Often, we do not want to make functional form assumptions about the data we analyze. We may want to fit a regression of an outcome on a set of regressors and be agnostic about the functional form of the regressors. Spline basis functions are flexible approximations to the functional form of the regressors. We may also want to visualize the relationship between an outcome and a regressor or between variables. We may use splines to visualize this relationship without claiming linearity or other functional forms.

In Stata 18, you can use the new makespline command to generate B-spline, piecewise polynomial spline, and restricted cubic spline basis functions from a list of existing variables. For example, we could type

. makespline bspline x1 x2 x3 x4 ...x100

to form 100 third-order B-spline basis functions, one for each variable from x1 to x100. We can now use any of the basis functions to fit a model and be agnostic about the relationship of the covariates and an outcome of interest. Or we could visualize the relationship of the outcome of interest and any of the basis function components that makespline generated.

Let’s see it work

We would like to see the effect of mothers smoking (mbsmoke) on an infant’s birthweight (bweight) using the telasso command. The telasso command lets us model both the outcome (bweight) and the treatment (mbsmoke). We believe that there is a relationship between birthweight and the mother’s age (mage), mother’s educational attainment (medu), and father’s educational attainment (fedu). We also believe that medu is a good predictor of whether a mother smokes during pregnancy.

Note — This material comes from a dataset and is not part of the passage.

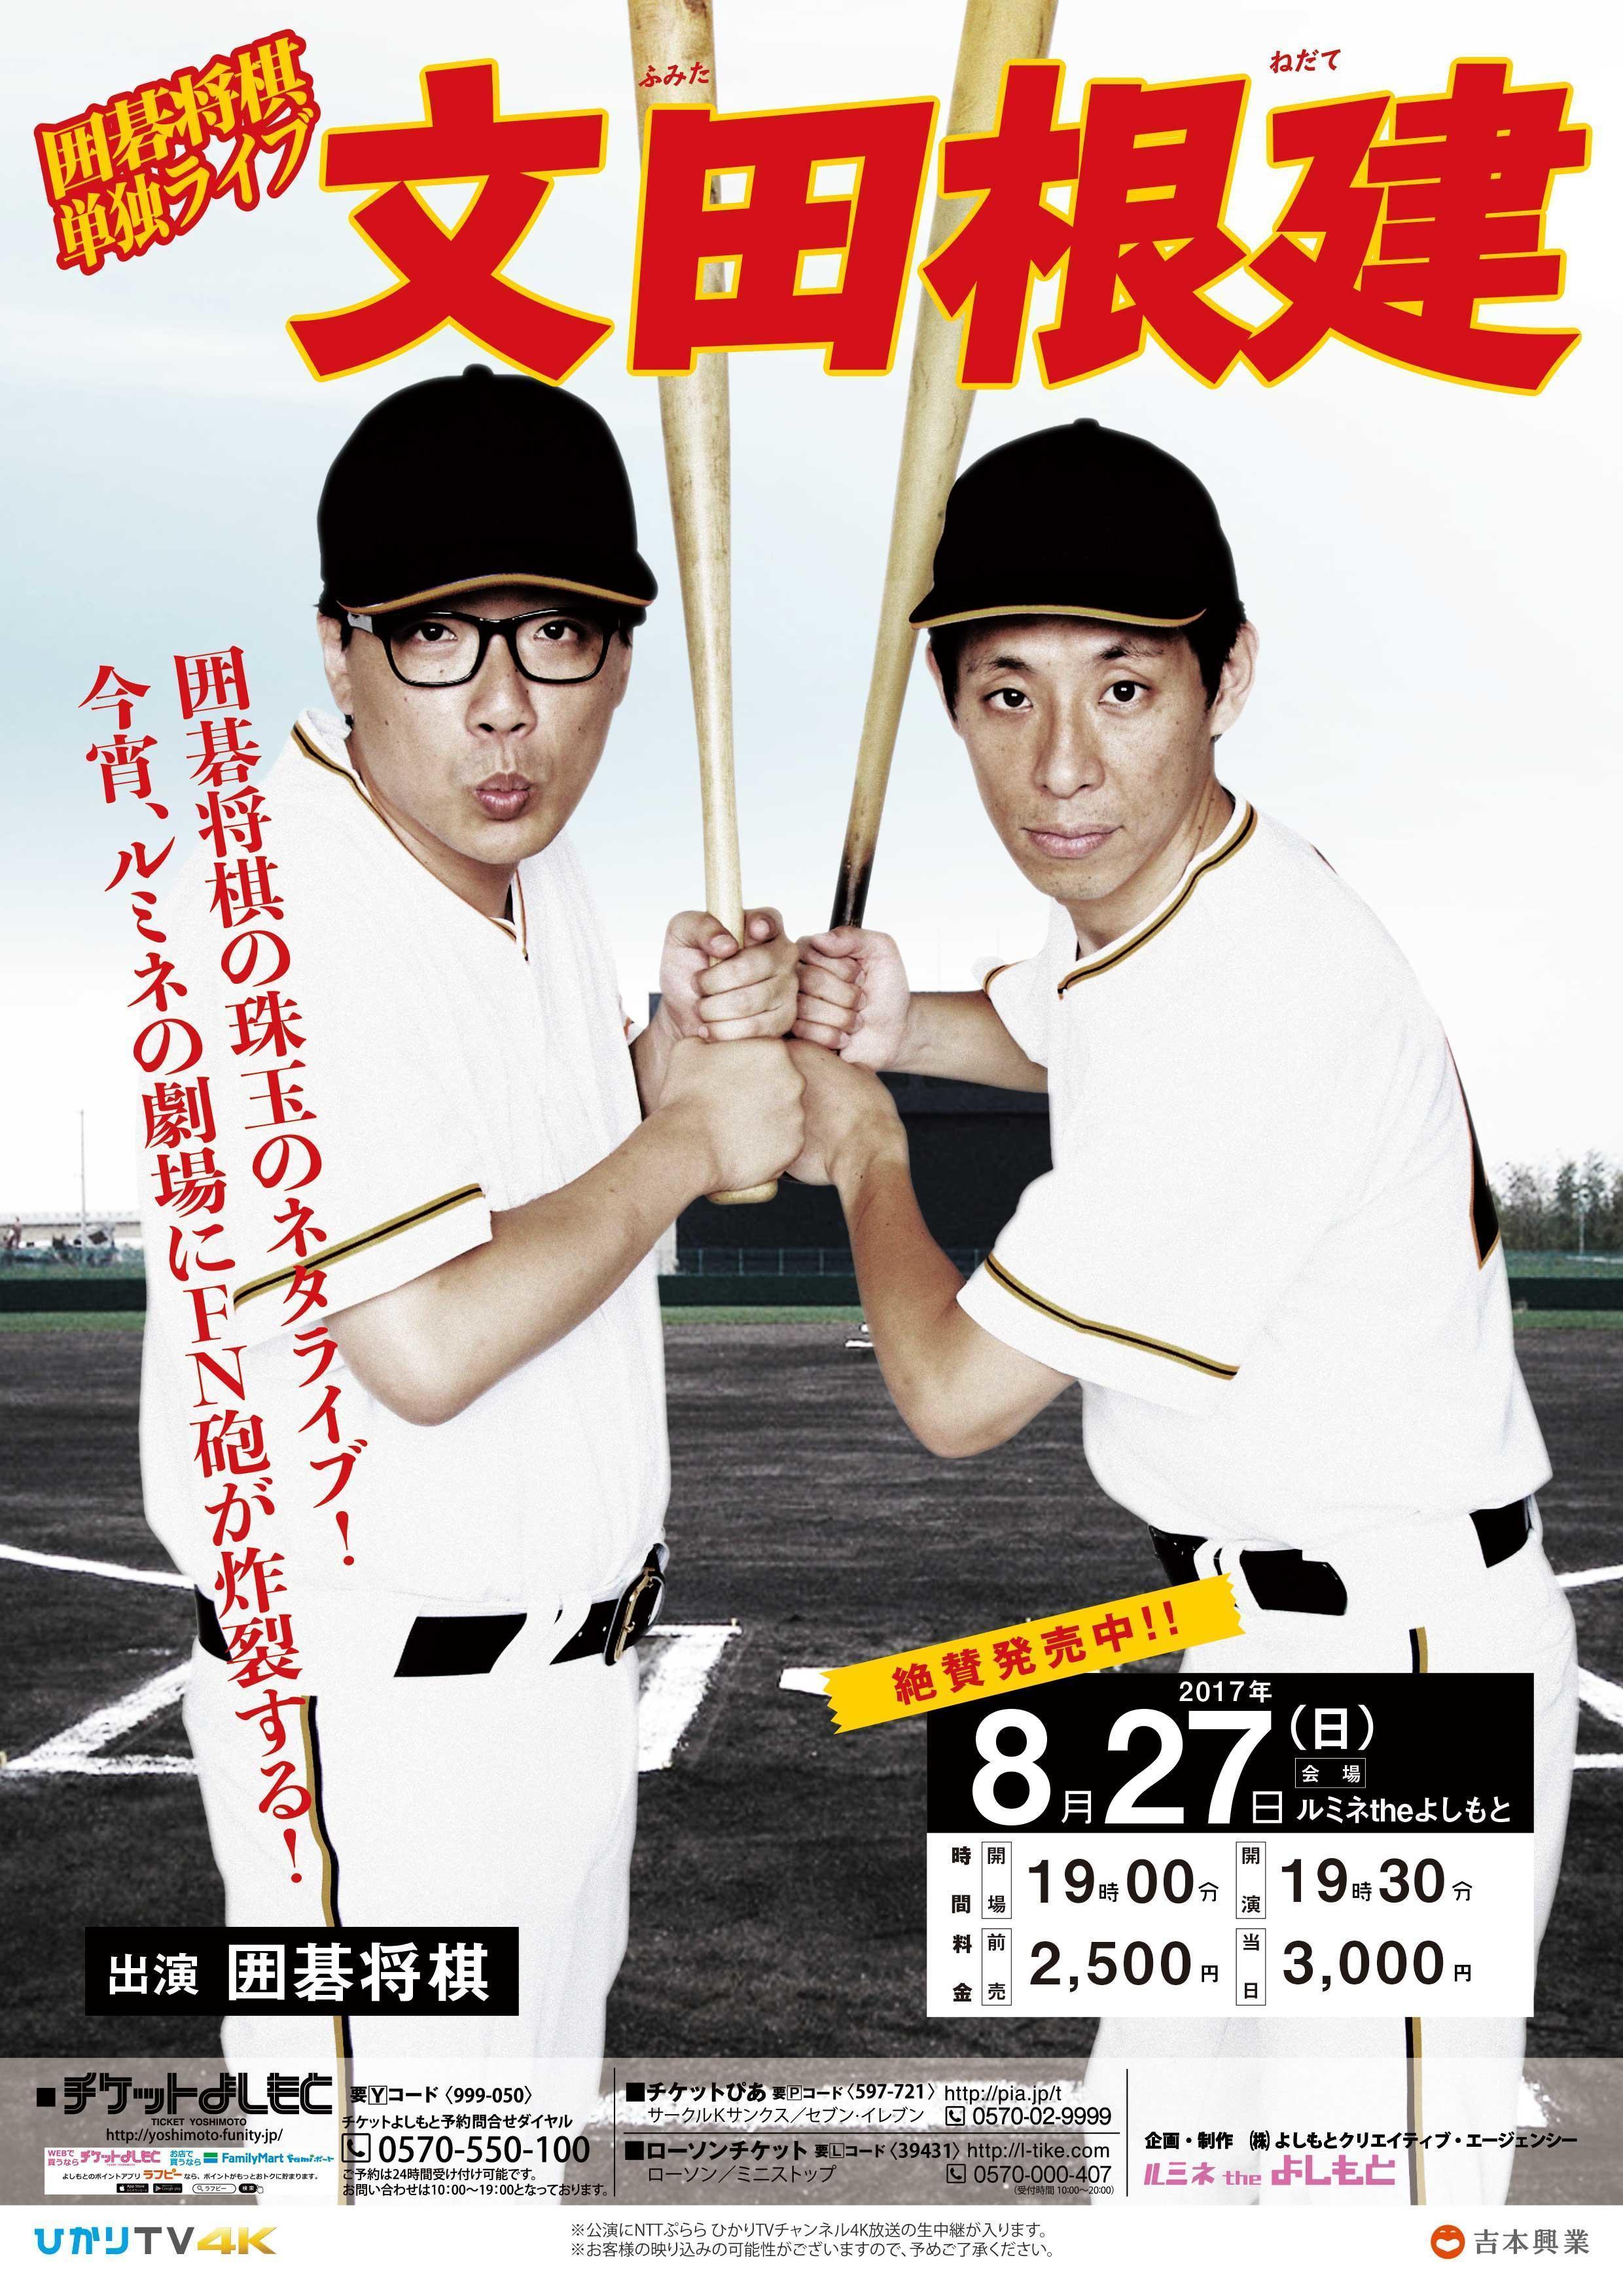 http://news.yoshimoto.co.jp/20170818194514-3b004de507f9f67caa3991845997e28fb783e6d6.jpg

We are agnostic about the functional form for the relationship of bweight and mage, medu, and fedu. We are also agnostic about the relationship between mbsmoke and medu. This does not matter to telasso. The command selects from a set of candidate covariates and estimates the treatment effect of interest.

We use makespline to form basis functions from each of the covariates of interest.

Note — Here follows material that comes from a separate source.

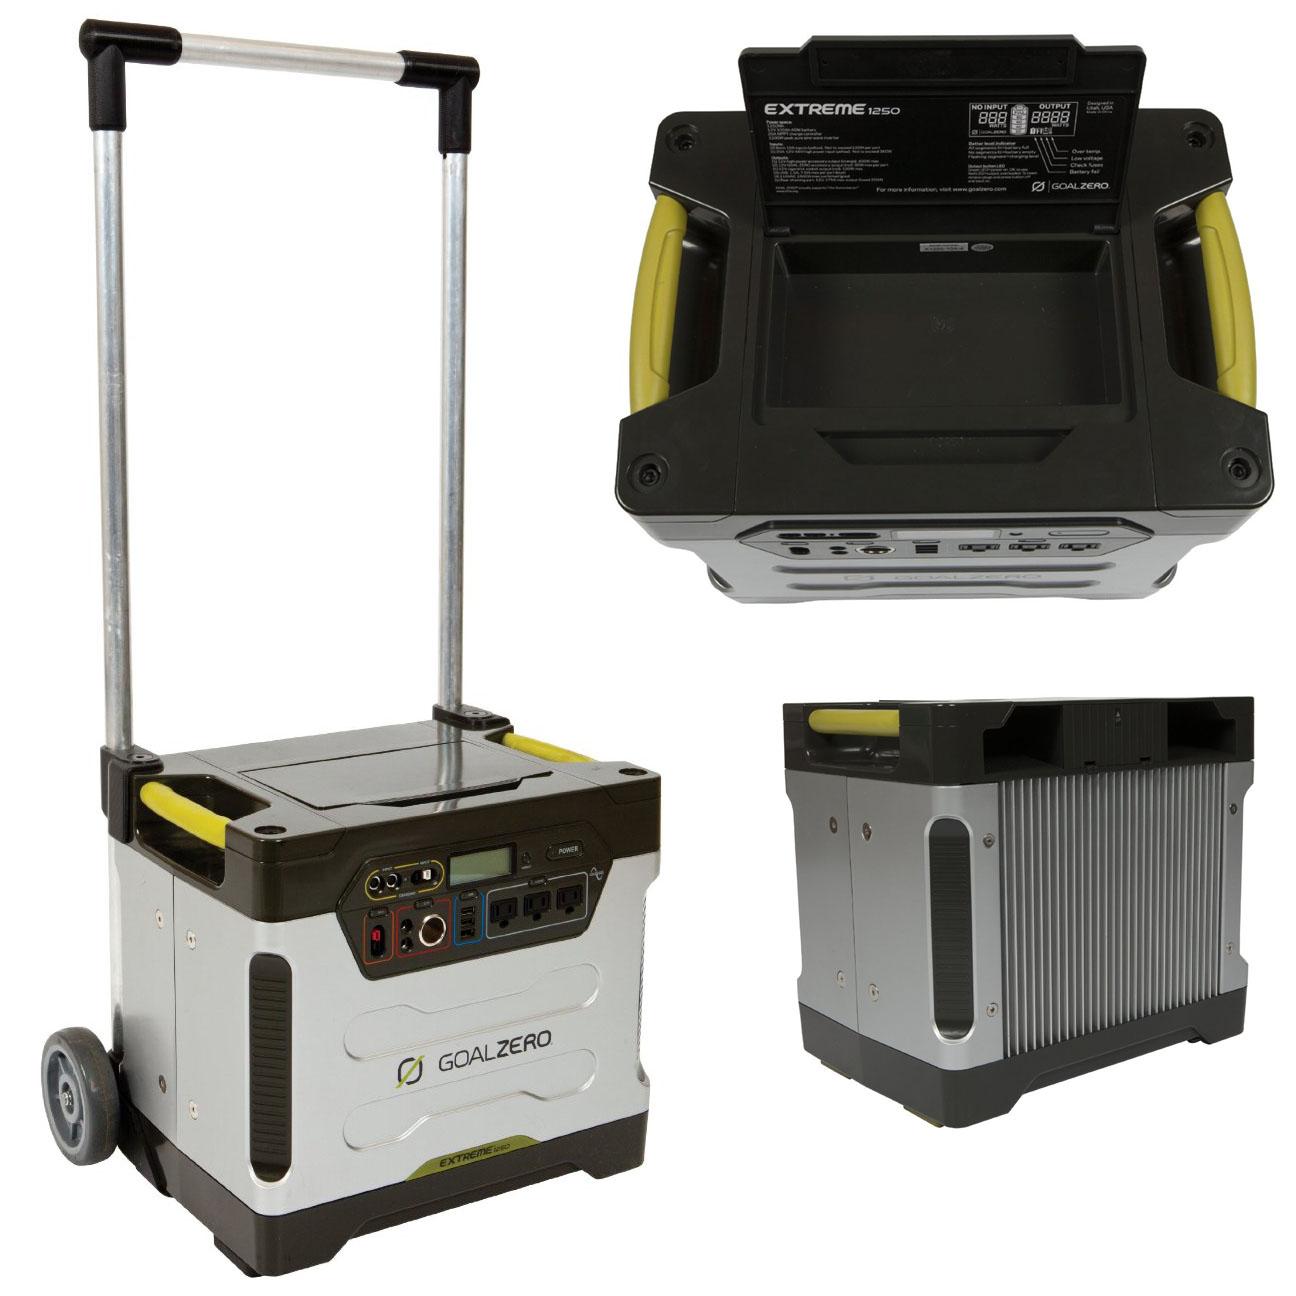 Goalzero Yeti Solar Generator Kit

. makespline bspline mage medu fedu

We generated third-order B-spline basis functions, each consisting of five variables, from mage, medu, and fedu. The variables generated have generic system names, starting with _bsp. If you prefer, you can change the basis names using the basis() option. Below, we show the generated variables:

The B-spline basis function components from mage start with_bsp_1, from medu with _bsp_2, and from fedu with _bsp_3. Using these basis functions, we fit the treatment-effects model:

. telasso (bweight c._bsp_1*##c._bsp_2* _bsp_3*) (mbsmoke _bsp_2*)

bweight is an arbitrary function of the interaction (specified by using ##) of the basis functions for mage and medu and of the basis function for father’s education. mbsmoke is an arbitrary function of the basis function for mother’s education. Below are the results:

The basis function variables created by makespline and their interactions produced 40 potential control variables. telasso selected 5 of those controls and used them to compute a treatment effect of –263 grams. In other words, the birthweight of babies would be 263 grams less if all mothers smoked relative to the counterfactual in which no mother smoked.